(Available data):
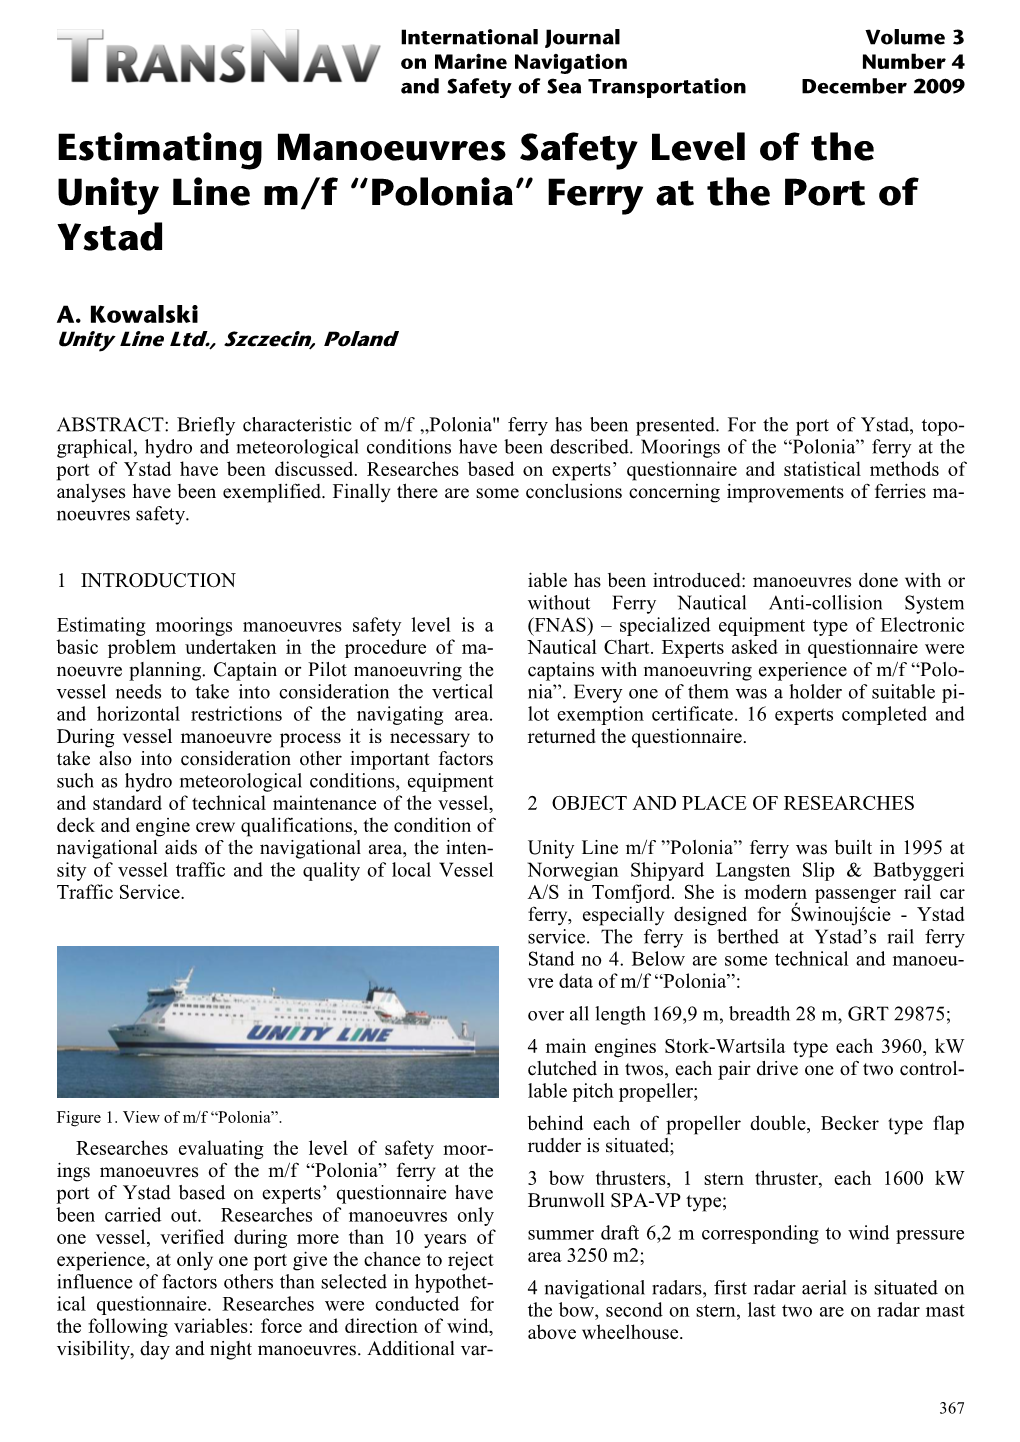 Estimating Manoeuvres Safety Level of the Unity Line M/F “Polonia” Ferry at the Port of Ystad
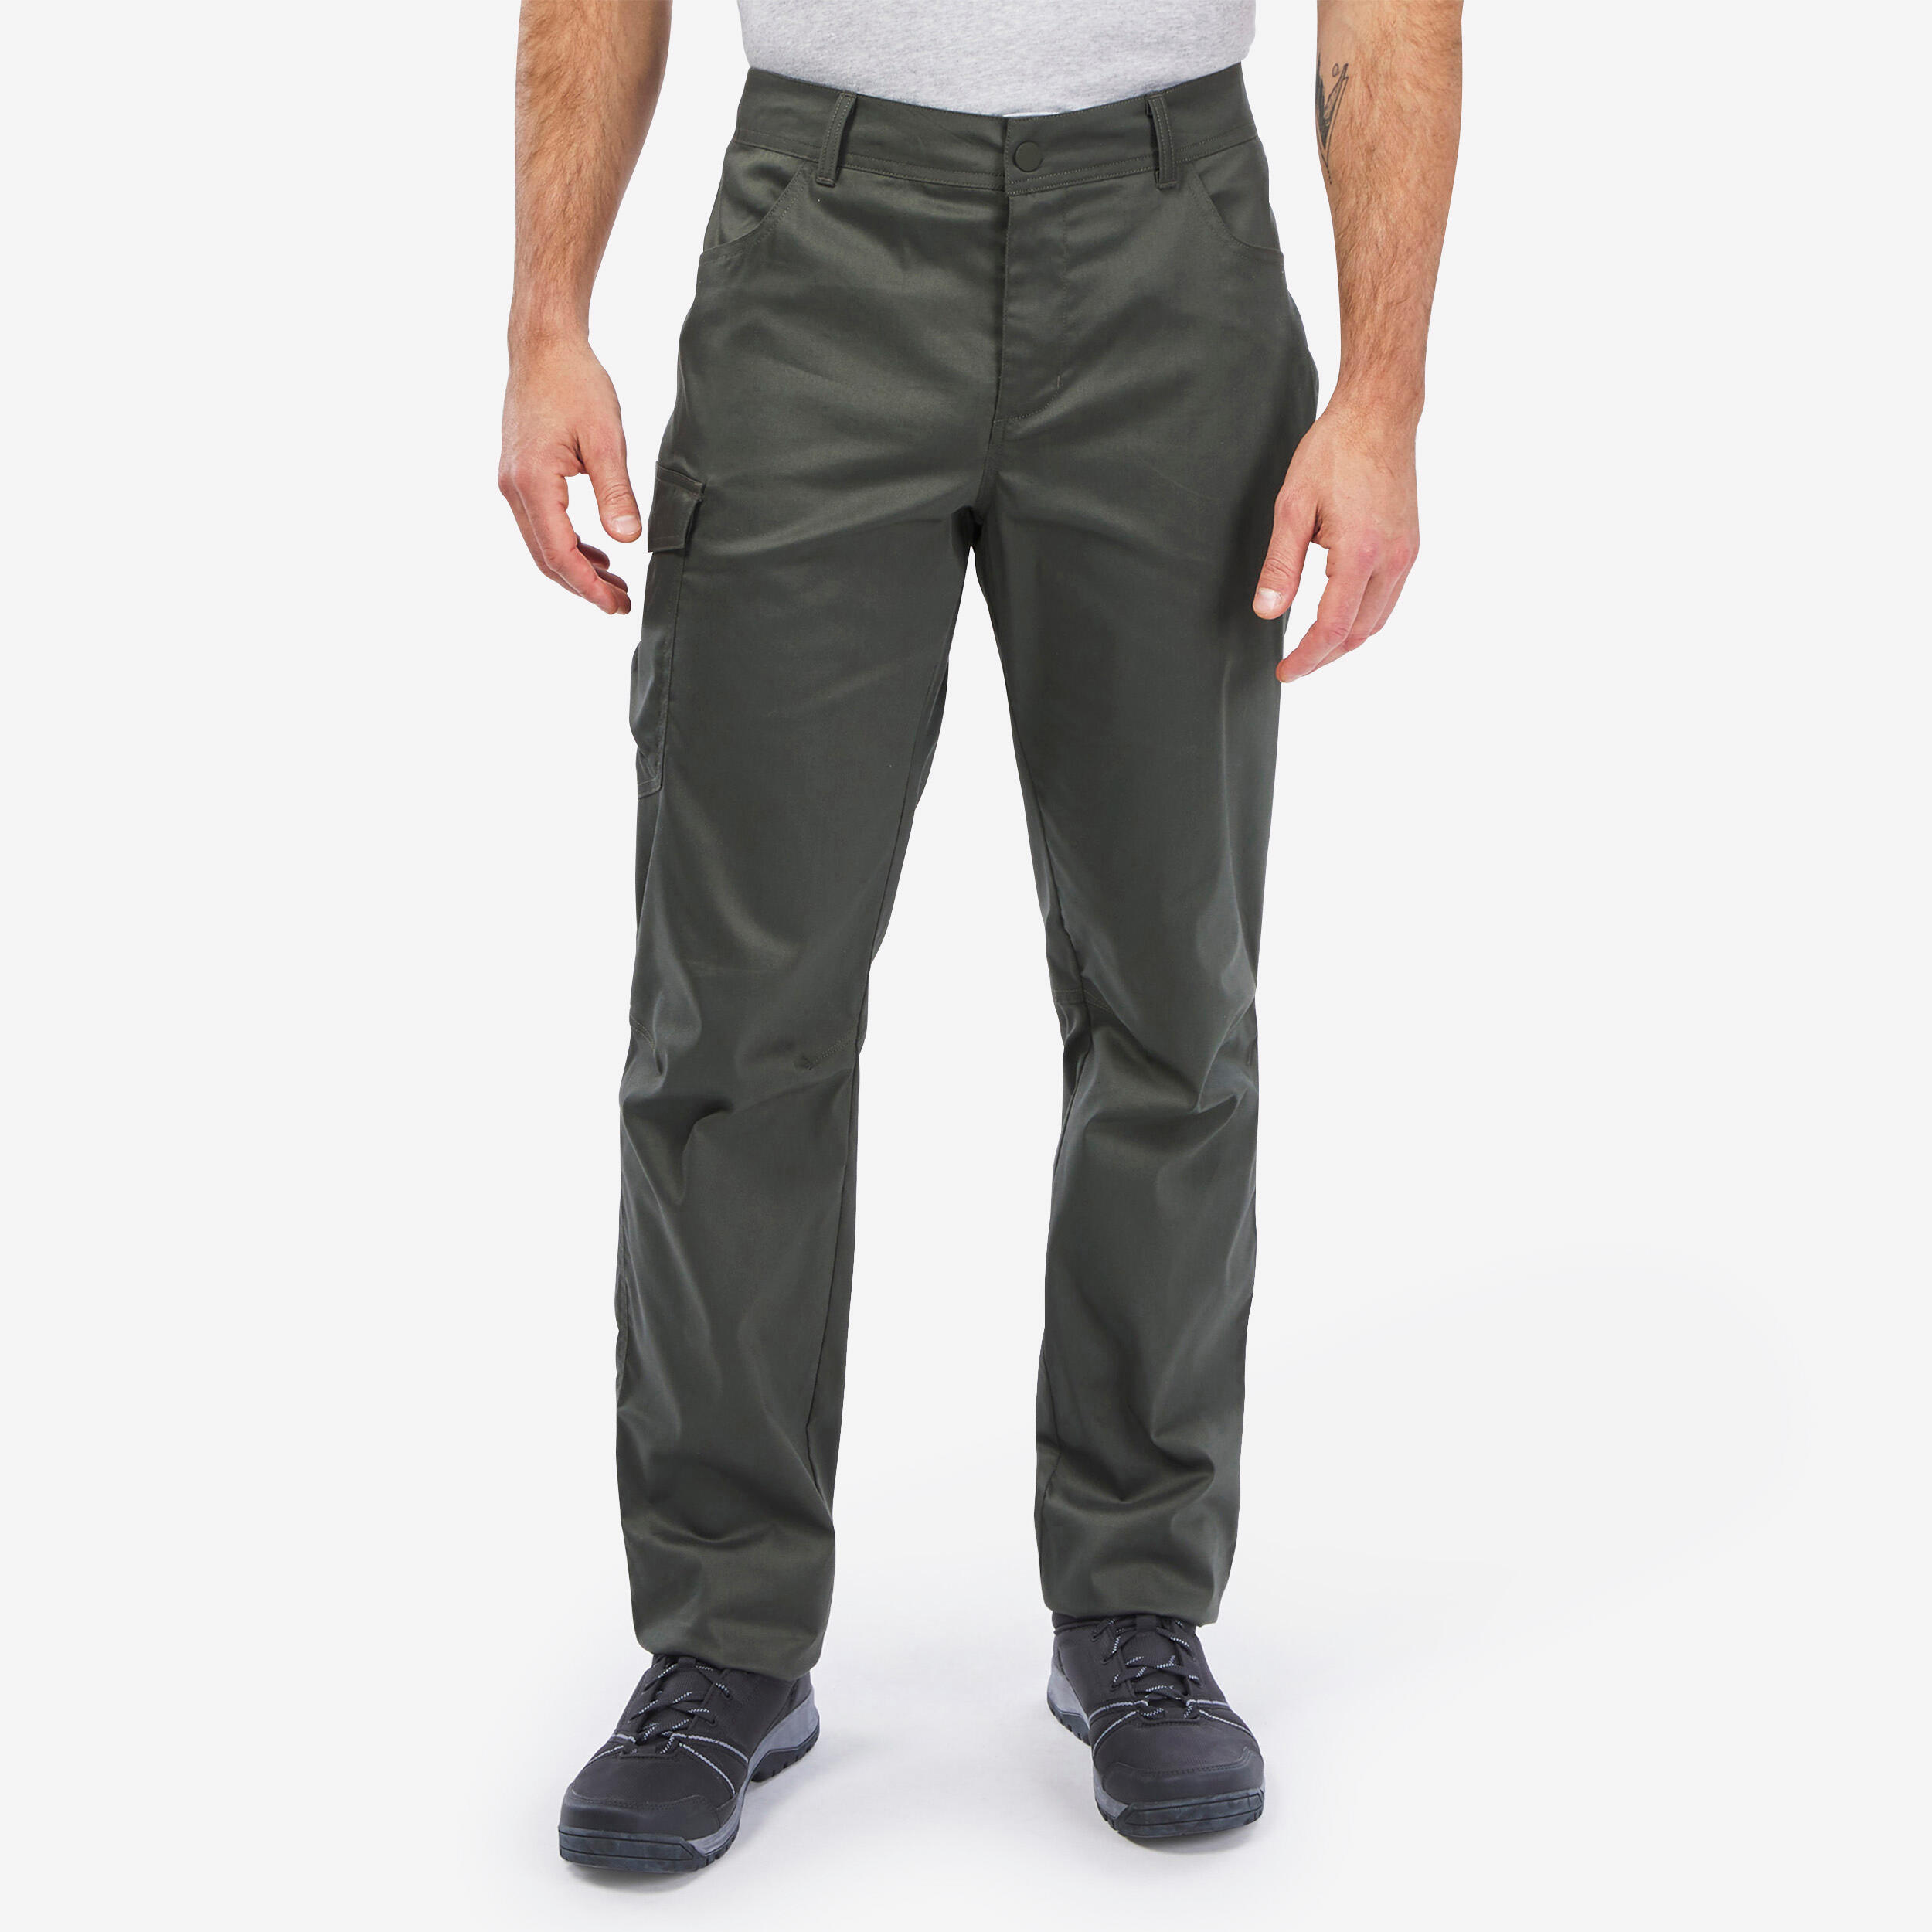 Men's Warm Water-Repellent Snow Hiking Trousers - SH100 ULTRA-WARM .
* * *
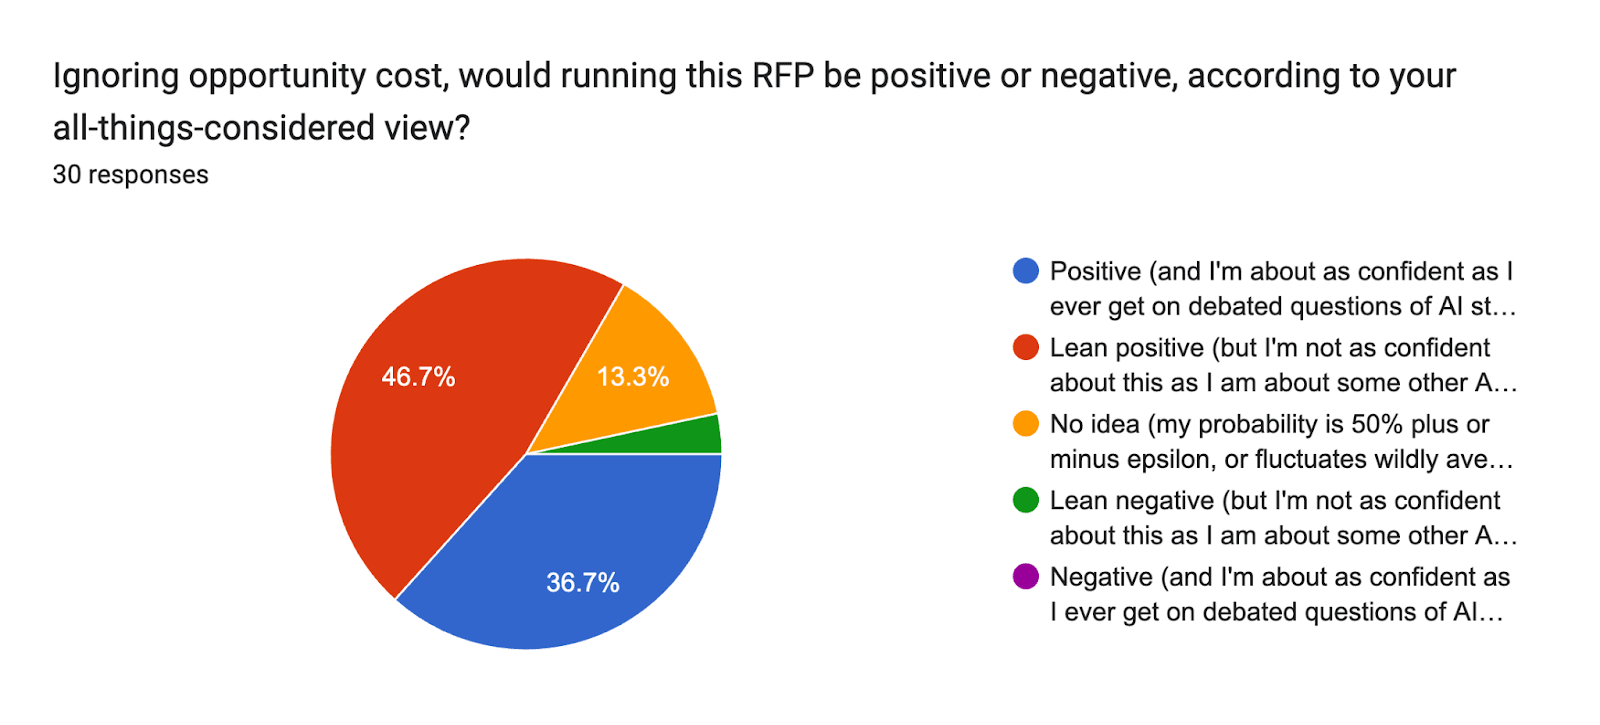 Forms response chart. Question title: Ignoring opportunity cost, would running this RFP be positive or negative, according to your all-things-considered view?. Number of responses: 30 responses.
--
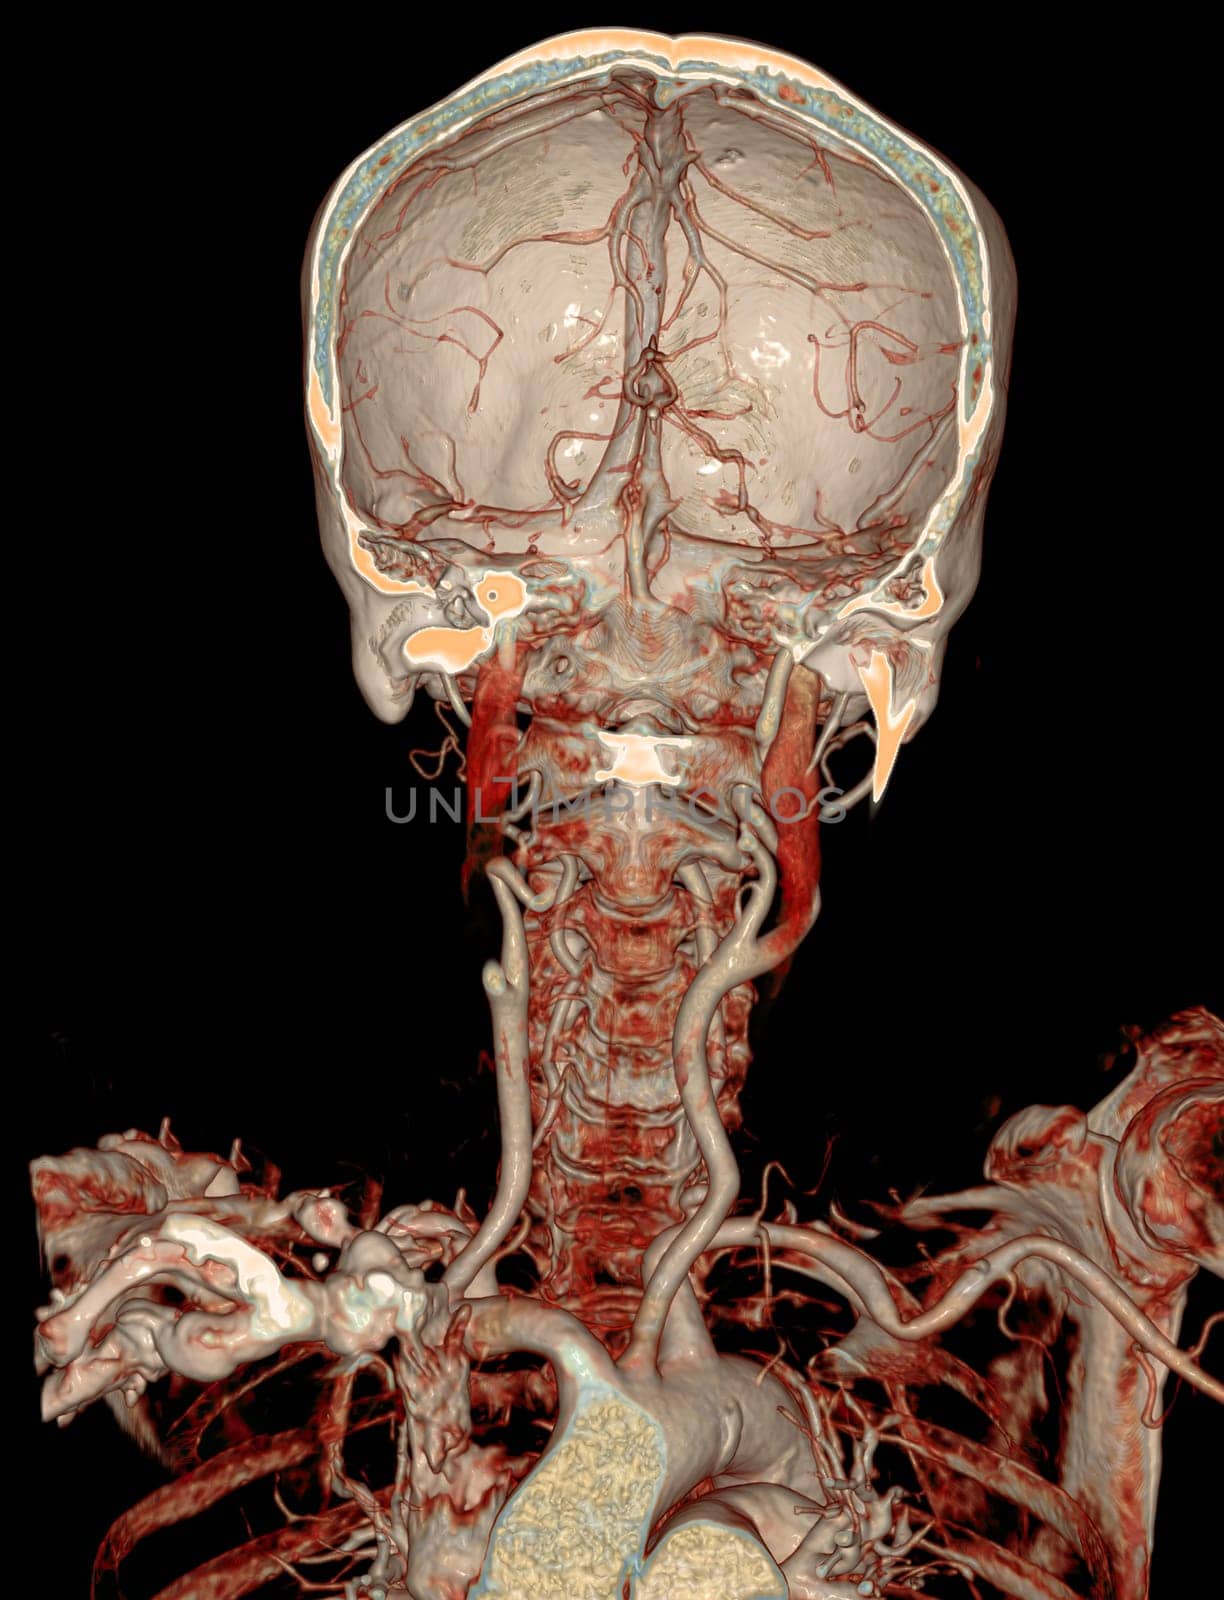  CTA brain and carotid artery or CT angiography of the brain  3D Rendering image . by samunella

(Work item): Nothing but the lines from the one with "Estimating Manoeuvres Safety" to the one with "Men's Warm Water-Repellent" above, both included, should be transcribed, exactly and without pictures.

(Result of this task):
 Estimating Manoeuvres Safety Level of the Unity Line M/F “Polonia” Ferry at the Port of Ystad
 Men's Warm Water-Repellent Snow Hiking Trousers - SH100 ULTRA-WARM .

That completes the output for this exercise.